Plan looks solid to me. I've come to the conclusion that DE and RE work can be hard as ****, but at the same time it helps to actively recover so when you get to ME style work your not like "oh my lb feels like ass, my shoulder is being a girl, and I'm tired." I exaggerate, but basically I like your plan, and even though my stuff is different I am using a similar principle with my movements.
 
My chiro did a "post squat" adjustment. He's pretty awesome lol Tapped some motor points (?) on my stomach and groin and my legs magically abducted further than they ever have.

Sounds like some applied kinesiology...
 
Sounds like some applied kinesiology...

It amazes me at how much of a difference something so simple, yet important, can impact movement that much, and instantly. He was telling me it was all bout the nerves and hitting the spots at L-whatever.
 
My chiro did a "post squat" adjustment. He's pretty awesome lol Tapped some motor points (?) on my stomach and groin and my legs magically abducted further than they ever have. Then the routine Graston, focusing posterior this time. The goal now is to gain shoulder flexion. Shoulders are gradually pulling back to normal posture, but still off.

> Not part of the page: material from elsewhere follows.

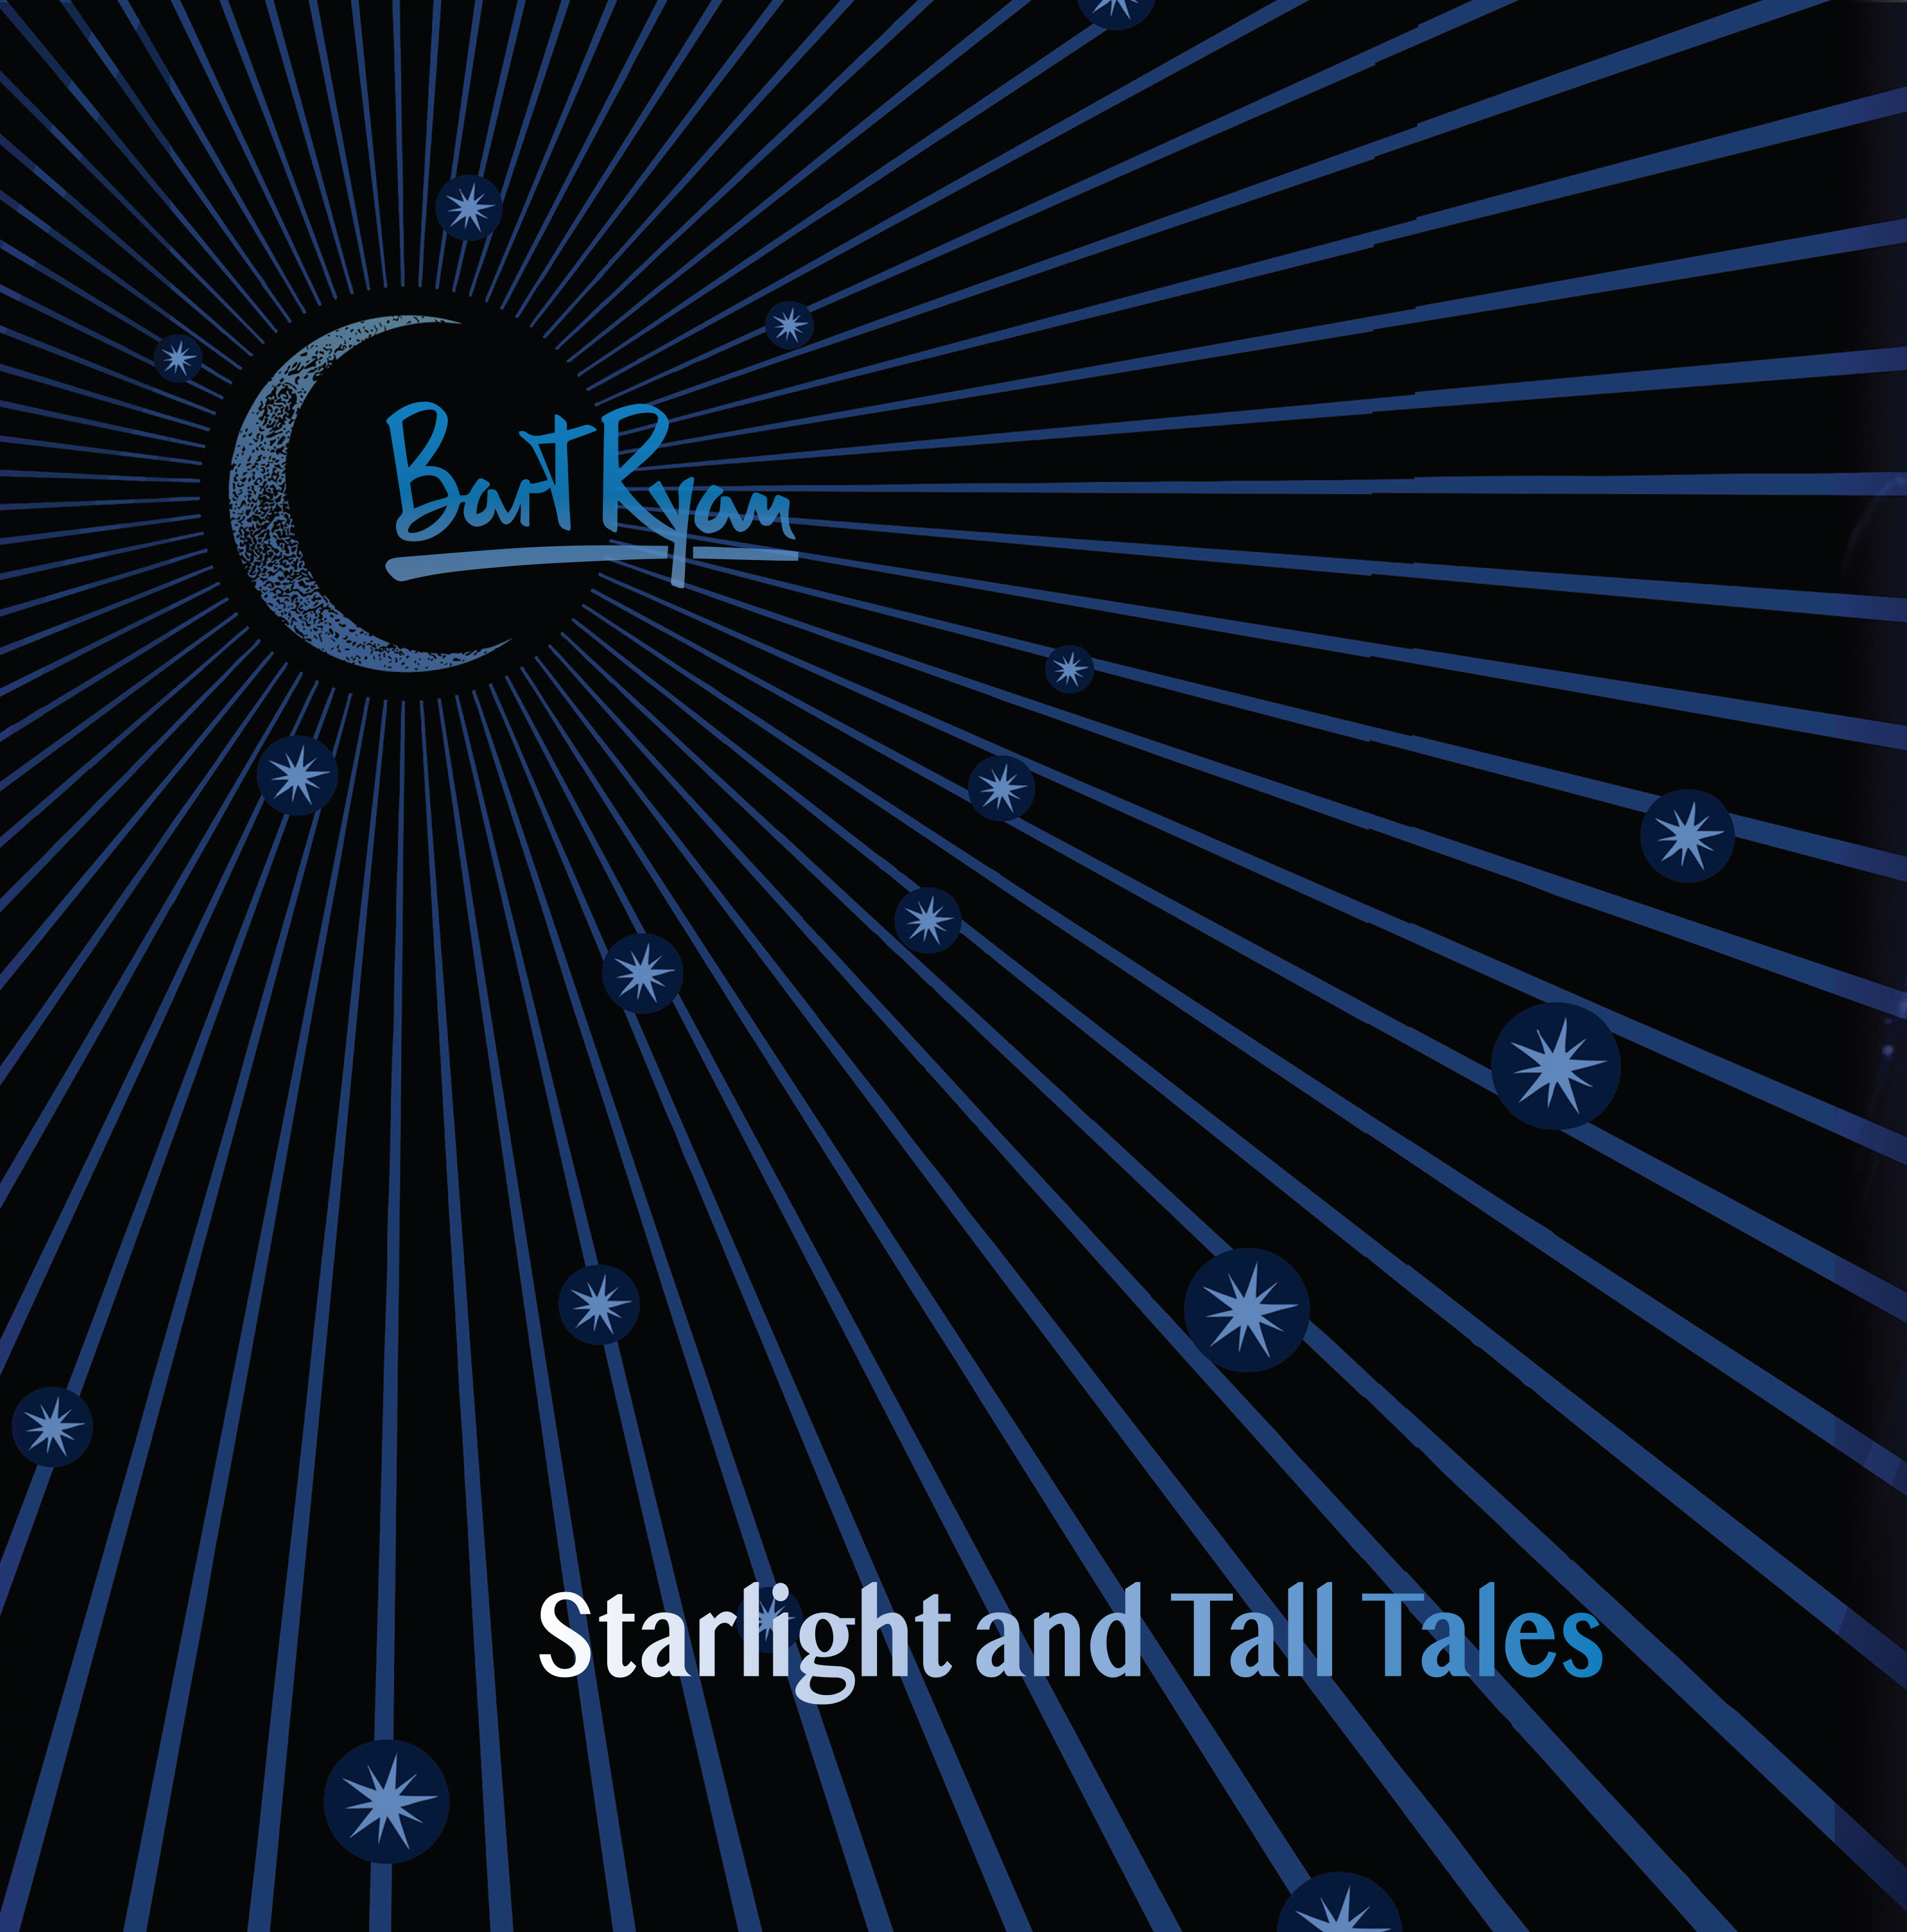 Starlight and Tall Tales - Bart Ryan

Trigger points likely in the iliopsoas since that's the anatomy of the muscle and helps to abduct and stabilize the hip. Sterrett shows a technique with a LX ball and a KB to loosen it up.
 
Trigger points likely in the iliopsoas since that's the anatomy of the muscle and helps to abduct and stabilize the hip. Sterrett shows a technique with a LX ball and a KB to loosen it up.

Aha. That's what he said, iliopsoas. When he moved my leg around, that's where it felt it needed to be for sumo.
 
I'll be practicing that last link you gave me when I get home. Hopefully this all is the weak link in my setup.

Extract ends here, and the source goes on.